Do you incorporate lots of singles into your training routine?


----------



## AChappell (Jun 1, 2011)

A 200kg squat at under 80kg I don't think anyone could touch you when it comes to lb for lb lifts Davy. I took the supplement for 2 months in a Row and felt liek I got the most out of it taking it like that in the offseason. However when I was dieting I was taking it for a much longer period and I did run it 3 motnhs in a row. Managed some pretty respectable numbers at a much reduced bodyweight so it might well be worth it.


----------



## Davie Hannah (Nov 26, 2012)

yannyboy said:


> Do you incorporate lots of singles into your training routine?

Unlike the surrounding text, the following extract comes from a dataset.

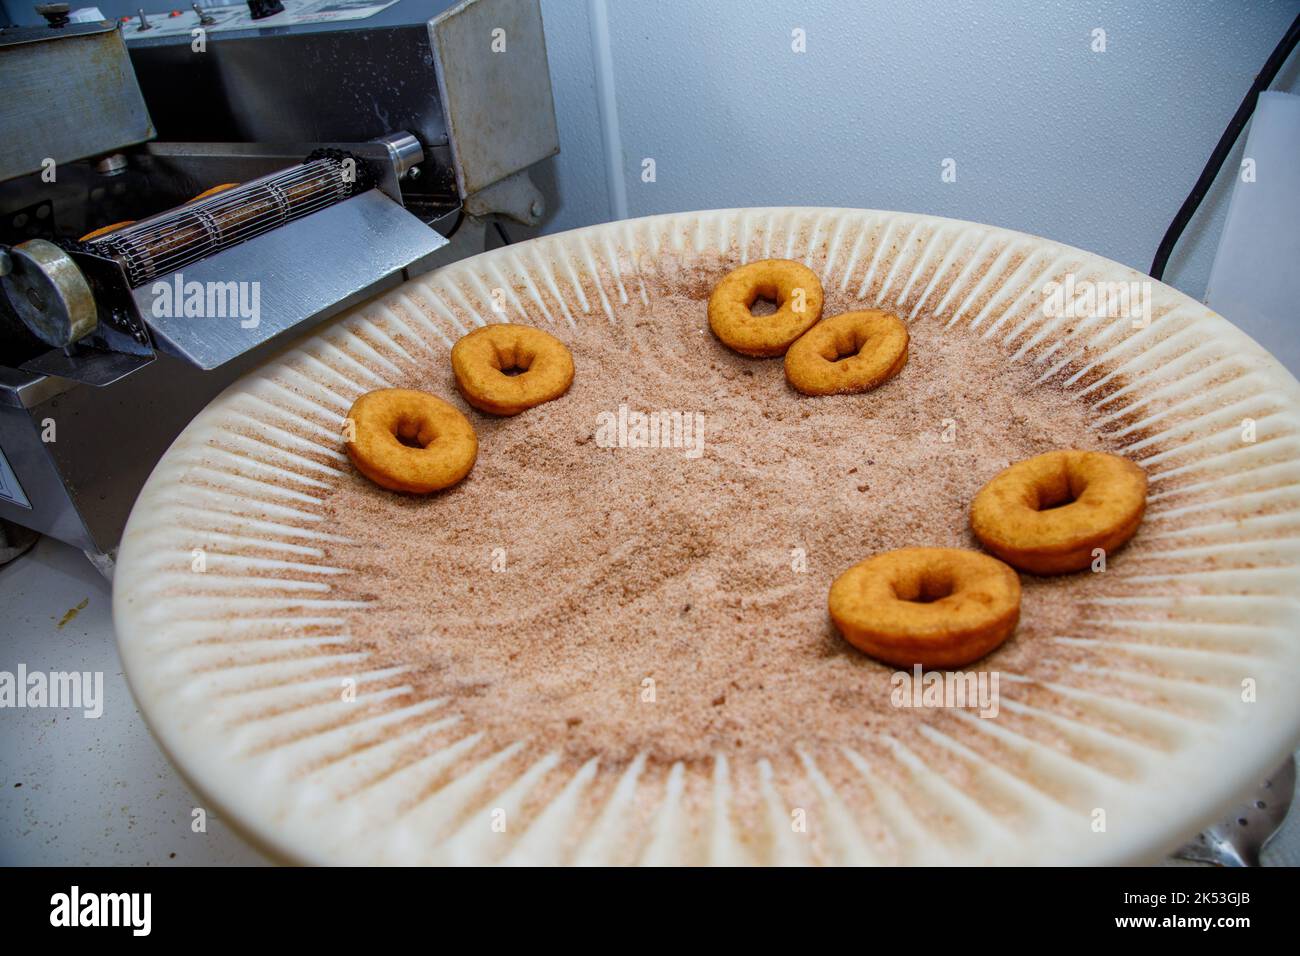 Rogers Family Orchard, Johnstown, Fulton County, Nueva York: Hacer donuts de sidra de manzana es una tradición otoñal en el norte del estado de Nueva York. Foto de stock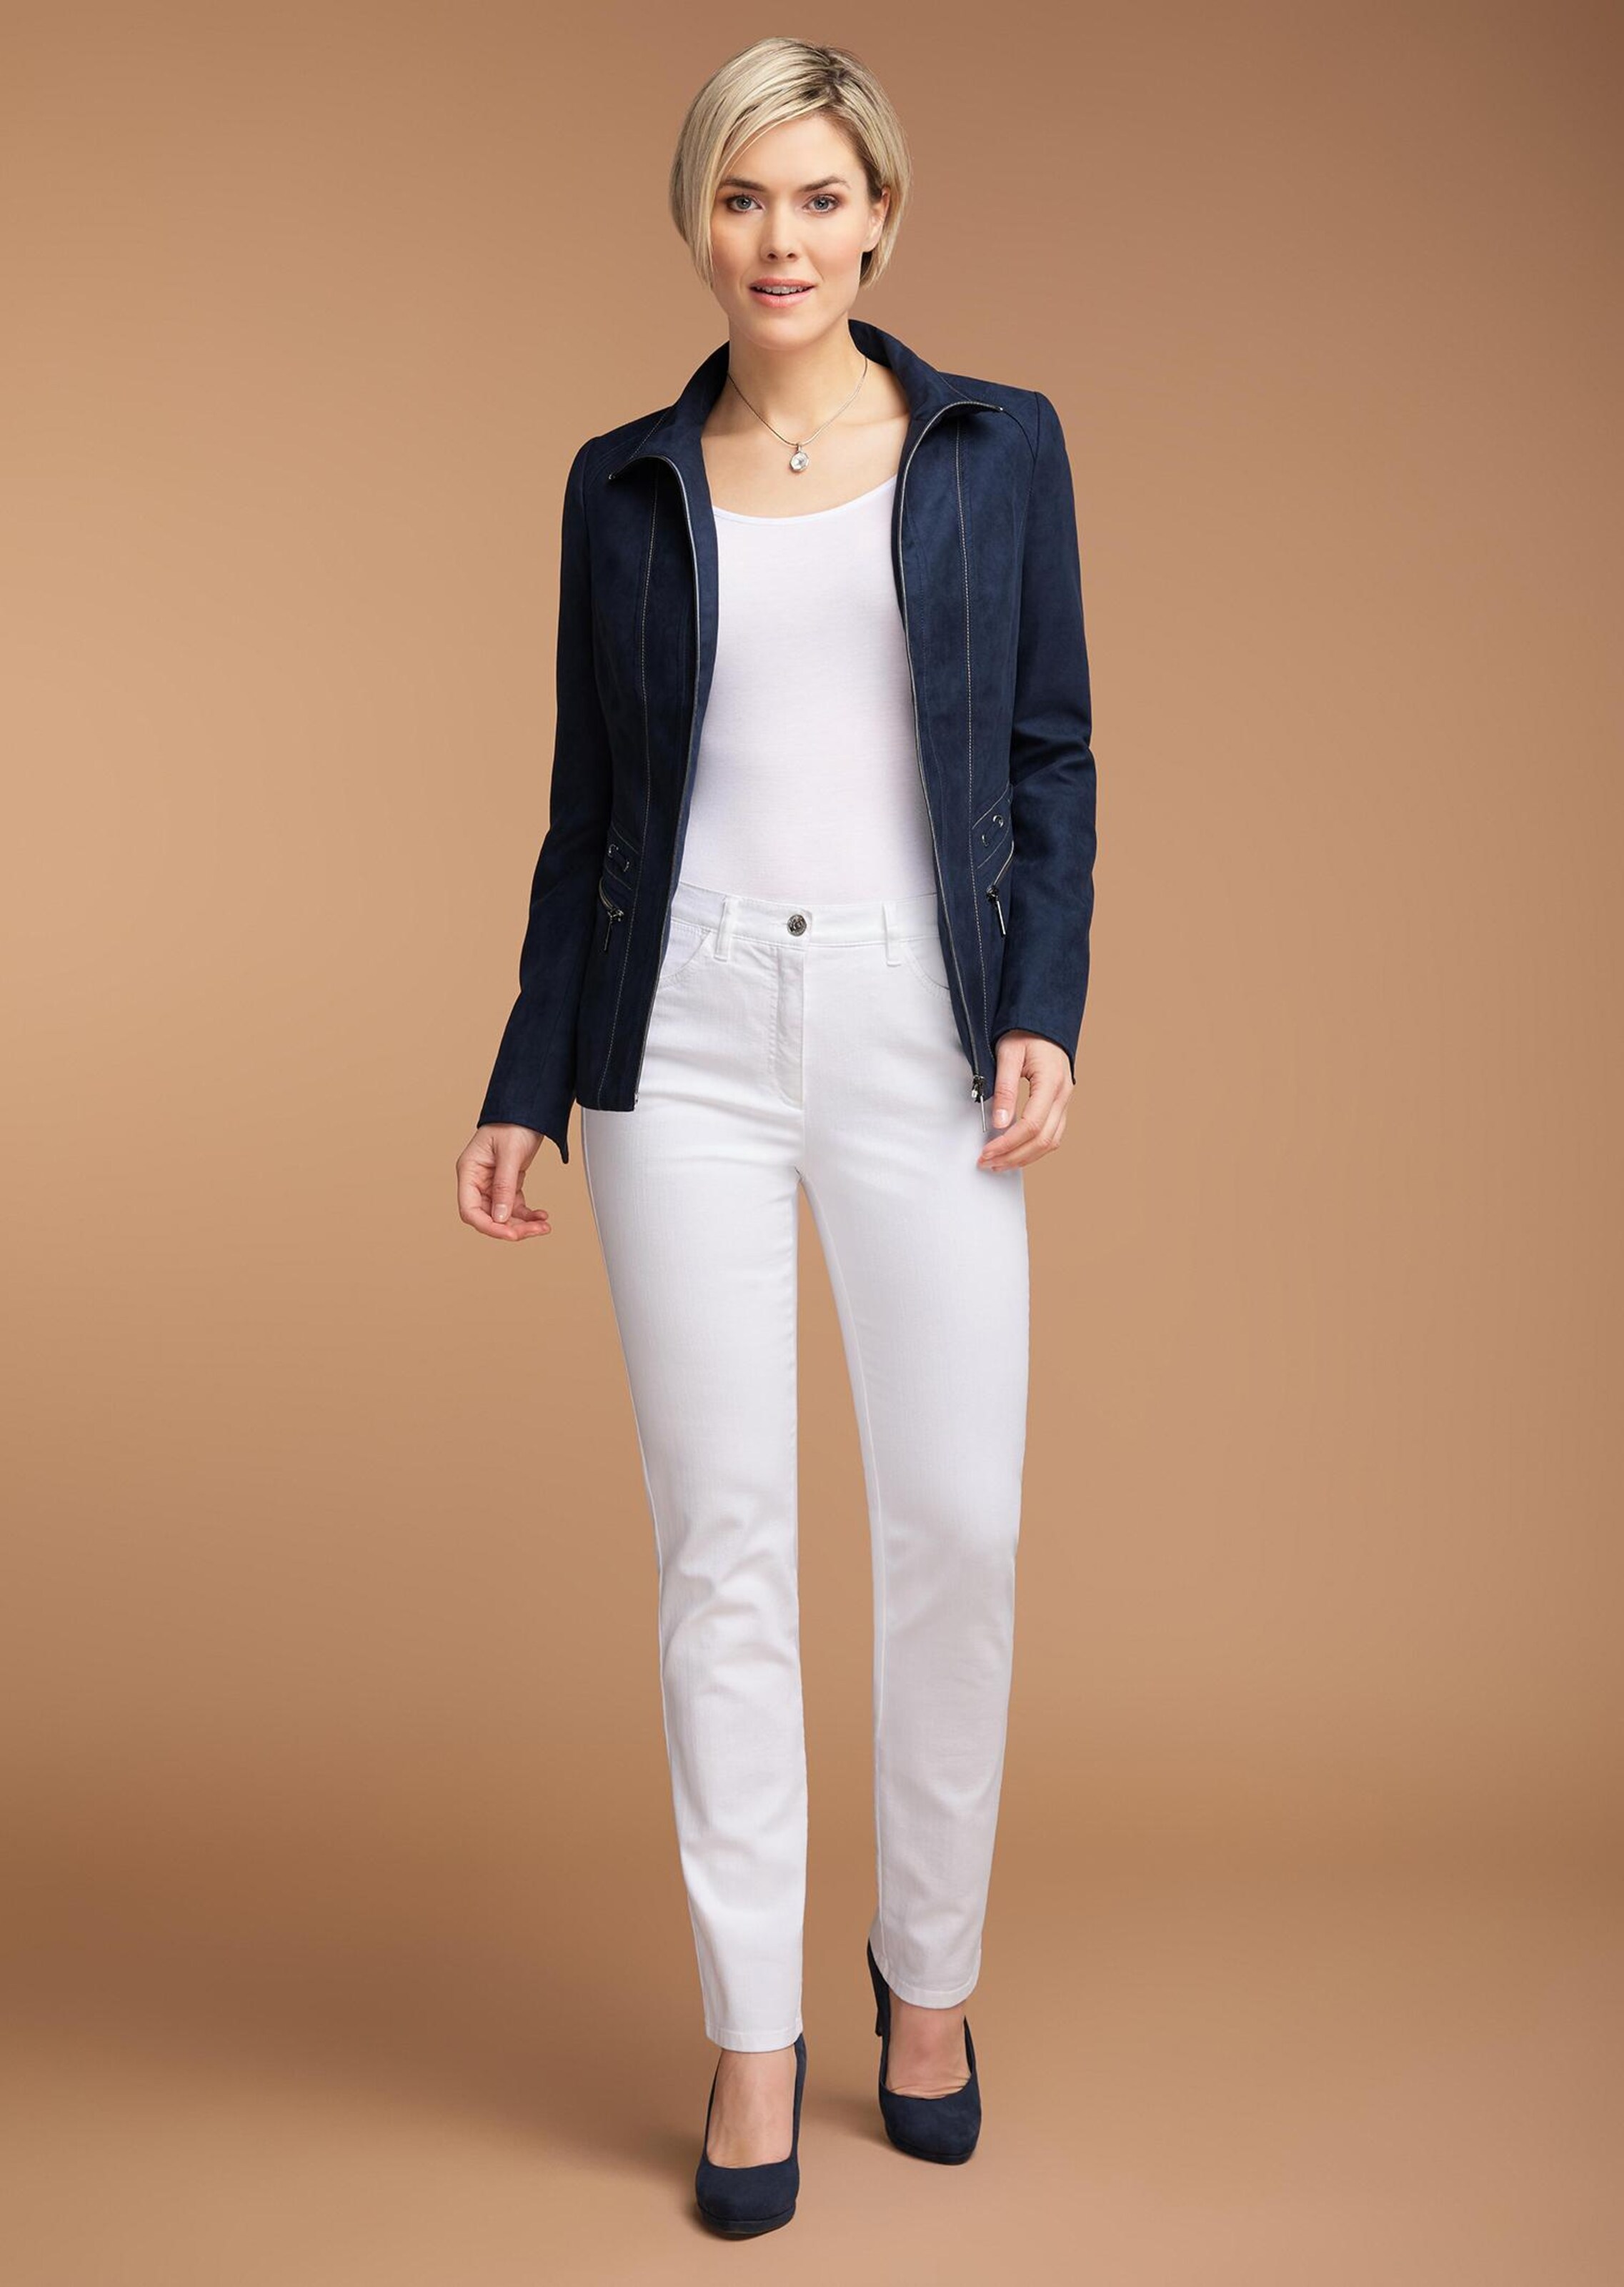 Goldner Fashion Chic versierde jeans Carla - wit

 I wouldn't normally do singles very often, but i think done occasionally they can serve a purpose, ie allowing you

to test how your strength is improving. when i squatted last time i wanted to see where my strength was with the view

to maybe doing single lift in a powerlifting competition. I actually think that legs benefit from using slightly higher rep

ranges. I usually for example will do higher reps for at least one exercise on leg day. whether it's 20rep sets or triple drop sets

to get the extra reps out. they're a big muscle and can take a bit more of a hammering than the smaller muscles


----------



## Davie Hannah (Nov 26, 2012)

AChappell said:


> A 200kg squat at under 80kg I don't think anyone could touch you when it comes to lb for lb lifts Davy. I took the supplement for 2 months in a Row and felt liek I got the most out of it taking it like that in the offseason. However when I was dieting I was taking it for a much longer period and I did run it 3 motnhs in a row. Managed some pretty respectable numbers at a much reduced bodyweight so it might well be worth it.


 Yeh Andy, i've decided to stay on reload for another month and see how things go.

I feel i'm still getting the benefits from taking it so no reason to stop for the moment.


----------